1996 novel by Sarah Dessen

That Summer is Sarah Dessen's first novel, published in 1996. This novel and Dessen's Someone Like You are the basis for the film How to Deal.

==Plot summary==
That Summer tells the story of a 15-year-old girl Haven, as she copes with her sister's engagement, her father's remarriage, and her best friend's personality changes. Nothing seems stable except for Haven's memories—especially those of the summer when Ashley dated Sumner Lee, who, as part of the backstory, is described as bringing the family together. Within the course of the novel, Sumner reappears in Haven's life. Fed up with the drama in her life, Haven runs away. When she doesn't come home, her family searches for her. Ashley finds Haven in the woods, where she tells Haven she had only broken up with Sumner because he had cheated on her, breaking Haven's illusion of their perfect past.

==Characters==
- Haven McPhail – The protagonist of the novel. She is 15 years old, lanky, grey and nearly six feet tall. She is very insecure about her height. Her summer revolves around two weddings, those of her dad and the weather girl Lorna Queen and her sister Ashley and boring Lewis.
- Mac McPhail – Haven's dad. Cheated on his wife with a younger woman – Lorna Queen – who was also the weather girl on the local news station. He is the sports broadcaster on the same channel. He married Lorna at the beginning of the book. Towards the end of the book, he is having a baby with Lorna.
- Lorna "The Weatherpet" – Haven's dad's new wife. Is a southern belle who is only five years older than Haven's sister Ashley and the weather girl. She is described as very pretty and perky.

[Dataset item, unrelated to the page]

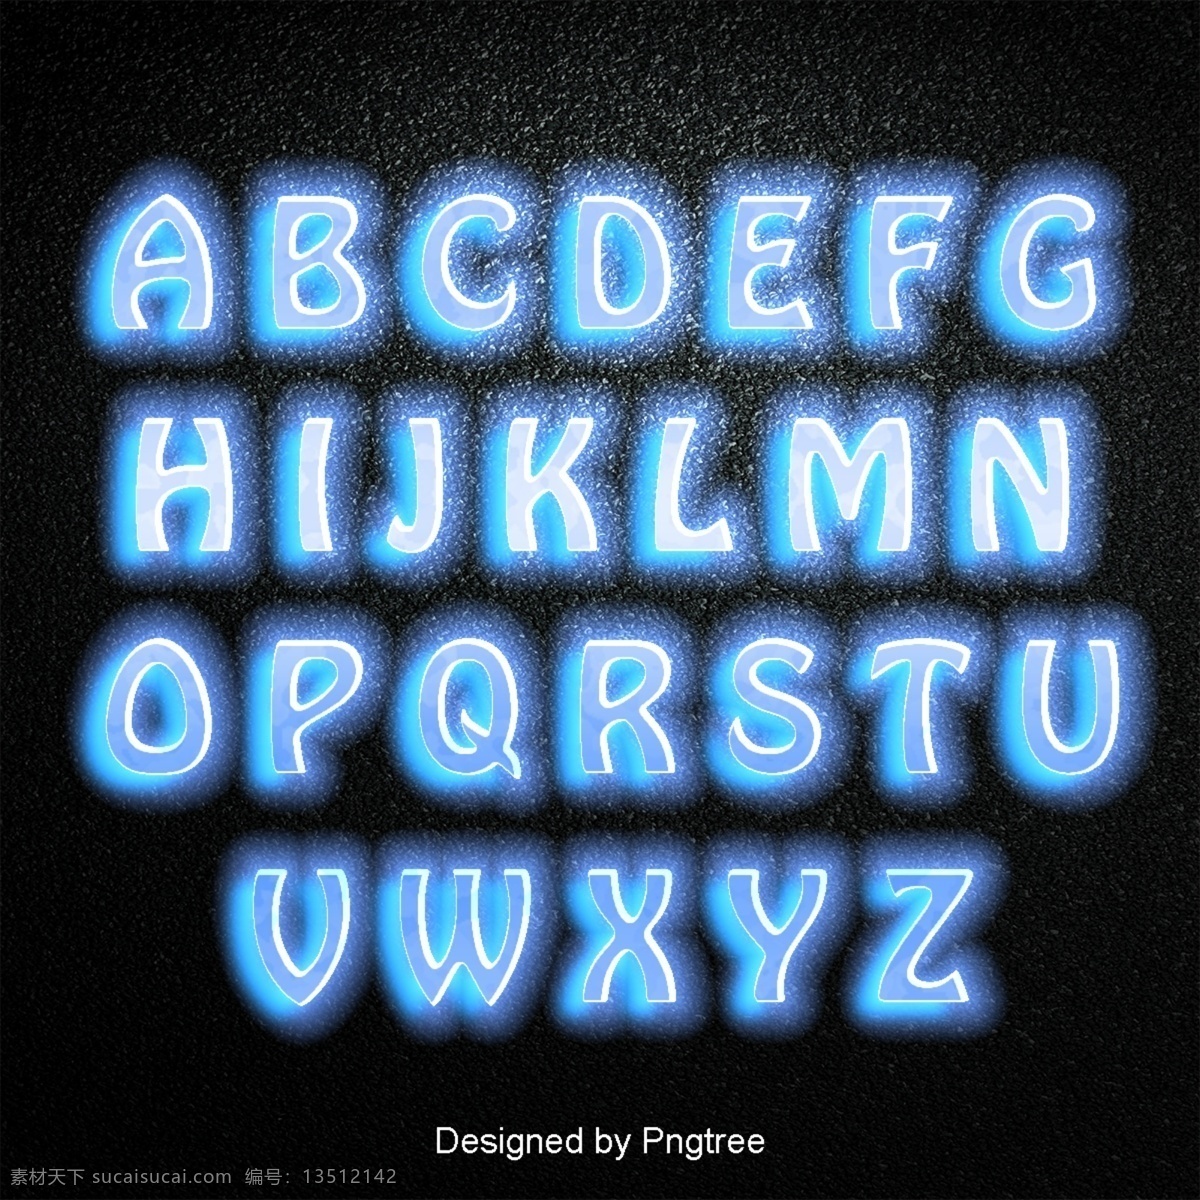 二 十 四 英文 字母 设置 字体 书法 海报 渐变 霓虹 3d 可爱 效果 三维 蓝色 金属 火焰

She marries Mac at the beginning of the book.
- Ashley McPhail/Warsher – Haven's older sister. She is 21 years old and has had many boyfriends. Her husband is Lewis Warsher, a boring man whom she met at the mall. She marries him at the end of the book, having gone through many dramas before.
- Casey Melvin – Haven's best friend. Had gone to 4-H camp before the book and came back a different person. She got herself an older boyfriend, started to smoke and had a bad attitude. After her boyfriend broke up with her, she went back to normal.
- Sumner Lee – Ashley's former boyfriend who gets along well with Haven. He is happy, joyful, always looks on the bright side and always makes Haven feel happy. Works multiple jobs during the day. Haven saw Ashley break up with Sumner but didn't know that he had cheated on her with then Ashley's best friend, Laurel Adams. He was in a commercial for Cheesables while dating Ashley.
- Lydia Catrell – Haven's neighbor. Is a widow and befriended Haven's mom. Has highlighted hair, goes out every Thursday and wants Haven's mom to go to Europe with her.
- Gwendolyn Rogers – A Lakeview model. Is really famous but suffers a nervous breakdown in the book.
- Bert Isker – Manager of Little Feet (where Haven works.) Is old and sometimes scary.
- Lewis Warsher – Ashley's fiancé. Haven finds him boring throughout the story. He is polite and at the end of the book marries Ashley.